Yesterday Madeleine McCann should have been celebrating her 8th birthday with her family. But she isn’t. Her parents last saw her on Thursday 3rd May 2007. Four years on, Kate McCann has written about her experiences. The abduction of her daughter is seared into our consciousness – the dinner with friends 100 yards away, regular checking of the children in their apartment and then the awful discovery that her daughter was missing and her reaction that she describes as “nausea, terror, disbelief, fear, icy fear, dear God.”
And that kind of unending anguish is not going to be easy to read and I’m not sure something I could bear to read.
Perhaps it was because unending anguish isn’t really much of a read that the British press tried to find new things to write about.

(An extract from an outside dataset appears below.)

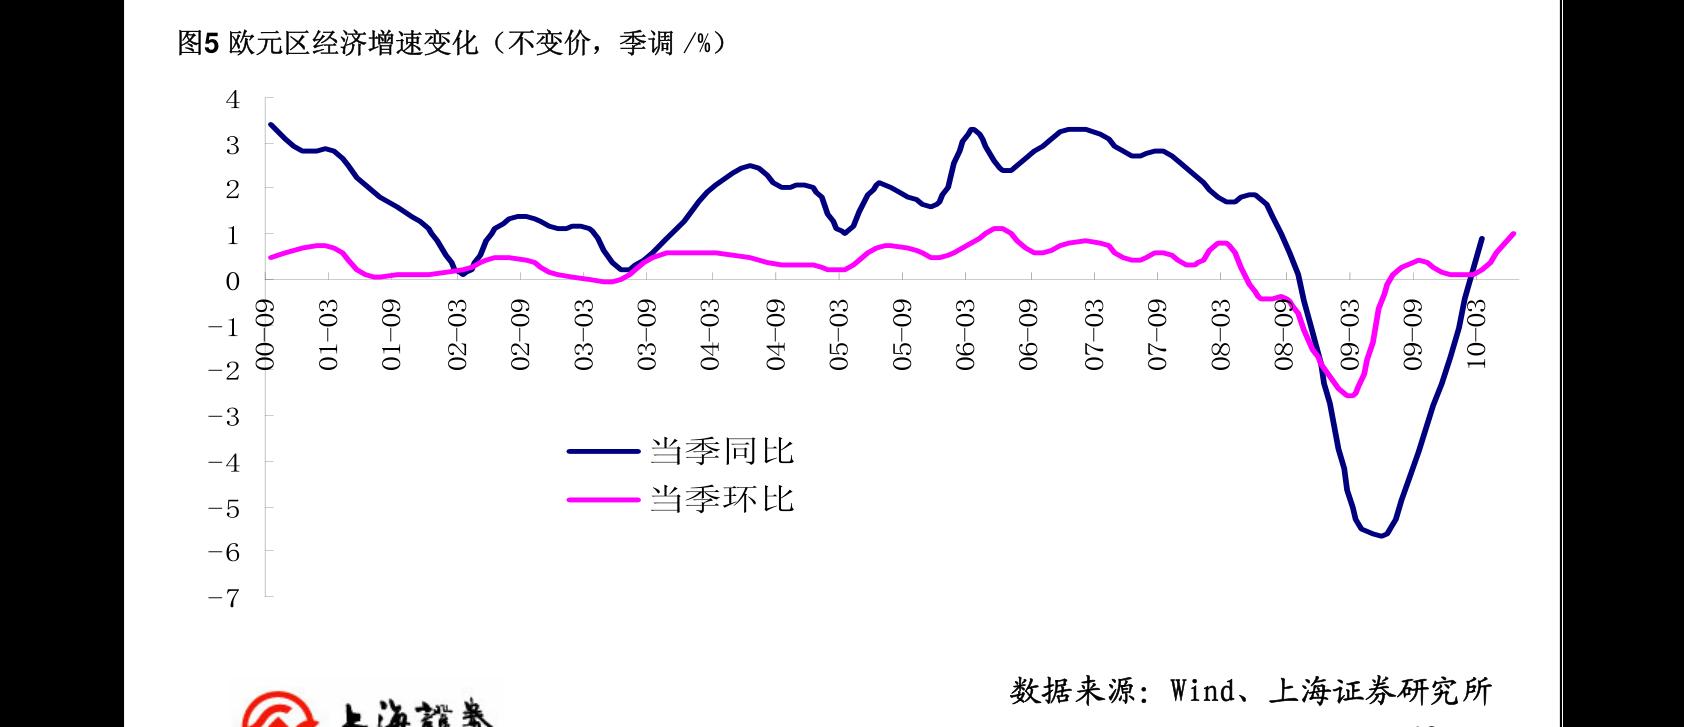 经济总量明年_2015中国年经济总量
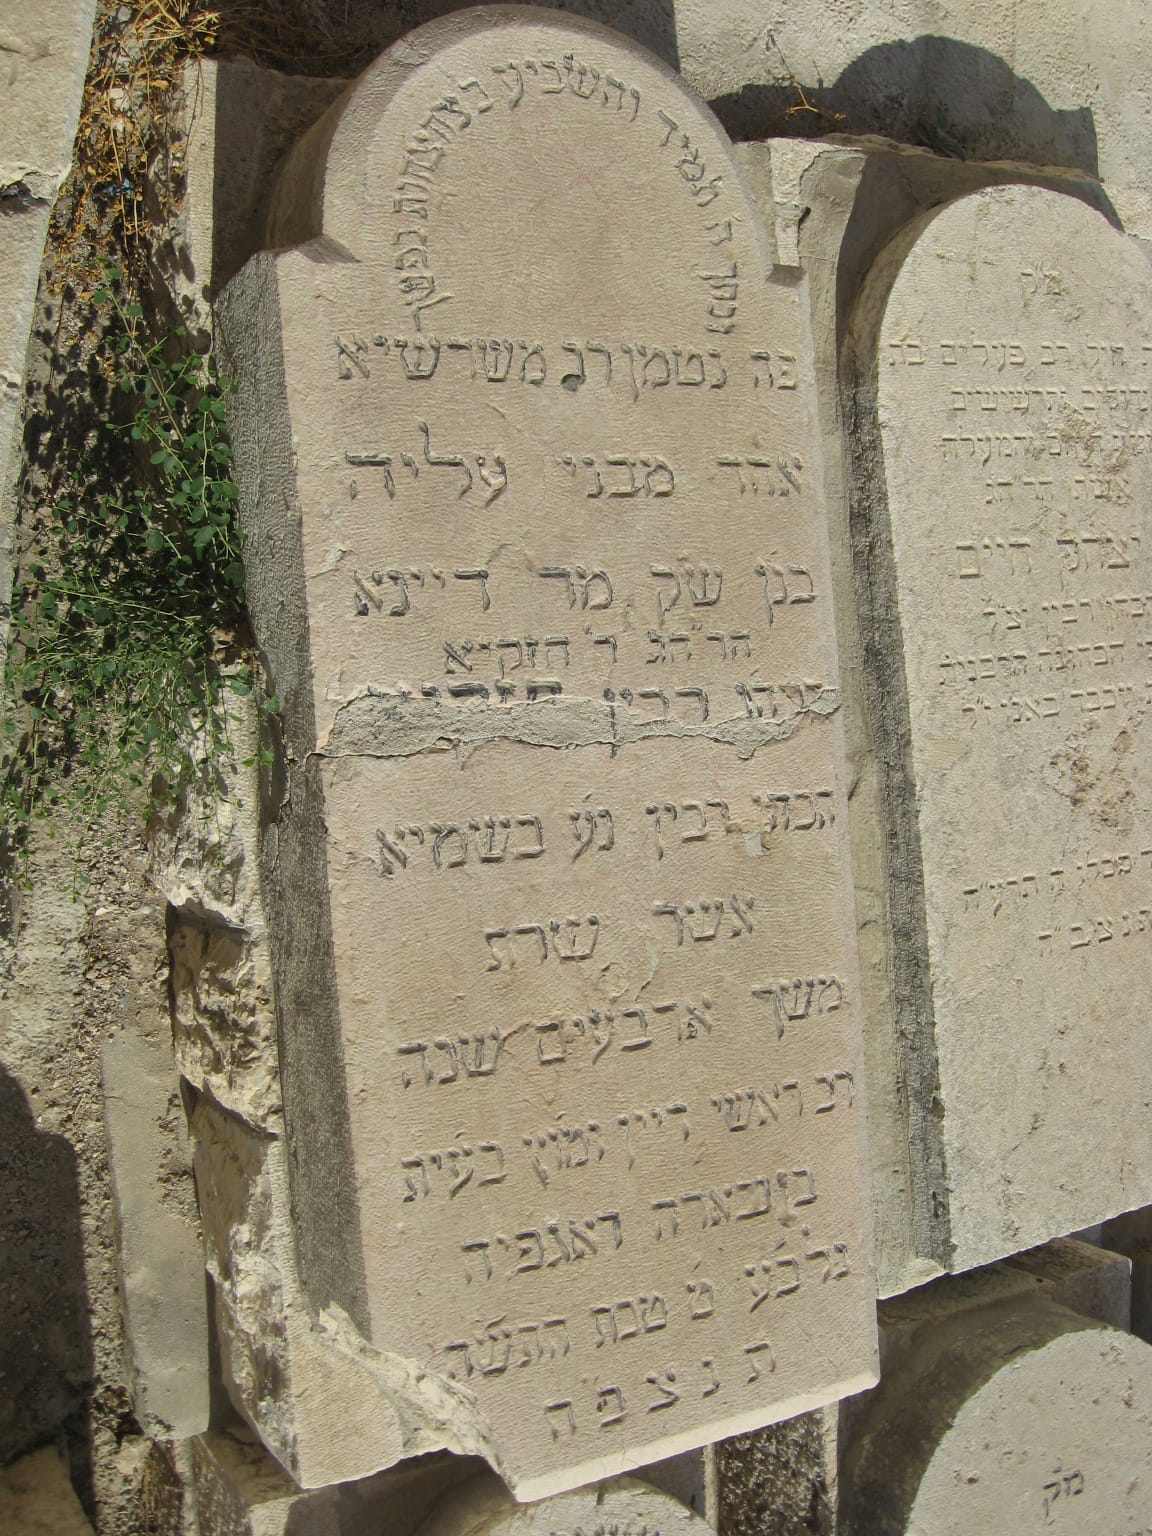 """חידוש מצבת קבורתו של הגאון רבי חזקיה הכהן רבין זיע""""א"""

Perhaps why instead of printing about the previous incidents on the Algarve of paedophiles entering children’s rooms and attempted abductions, they started to look around for other angles and stories and for some reason decided that the gaunt and frozen parents were a suitable target.
Or perhaps it was because those parents were so stricken by grief and worry that they didn’t enact whatever it was that the Great British Public had decided was an appropriate amount of public grief. That because they were able to do no more than quietly and blankly mechanically carry on in public obviously meant that there had to be something up, not that they were literally unable to do more than to try and keep holding themselves together for the sake of their other children.
The ‘crime’ for which Kate and Gerry McCann were sentenced to the full howling fury of the British media and public was for doing what many other parents did and continue to do – to go on holiday with friends to somewhere family friendly, to have dinner close by with your apartment in view, to check on your children regularly.
But perhaps it was because they were parents like us doing things like us that they had to be demonised so that we could create some distance between them and us.
That if they were somehow culpable then those moments when we take a calculated risk, as they had done, wouldn’t feel so risky, so bad and with such potentially awful consequences.
Did we have to hate them because deep down, hidden away in the depths of our parenting fears is that awful acid worry that somehow, someday, something equally awful could touch us and our family like it did theirs?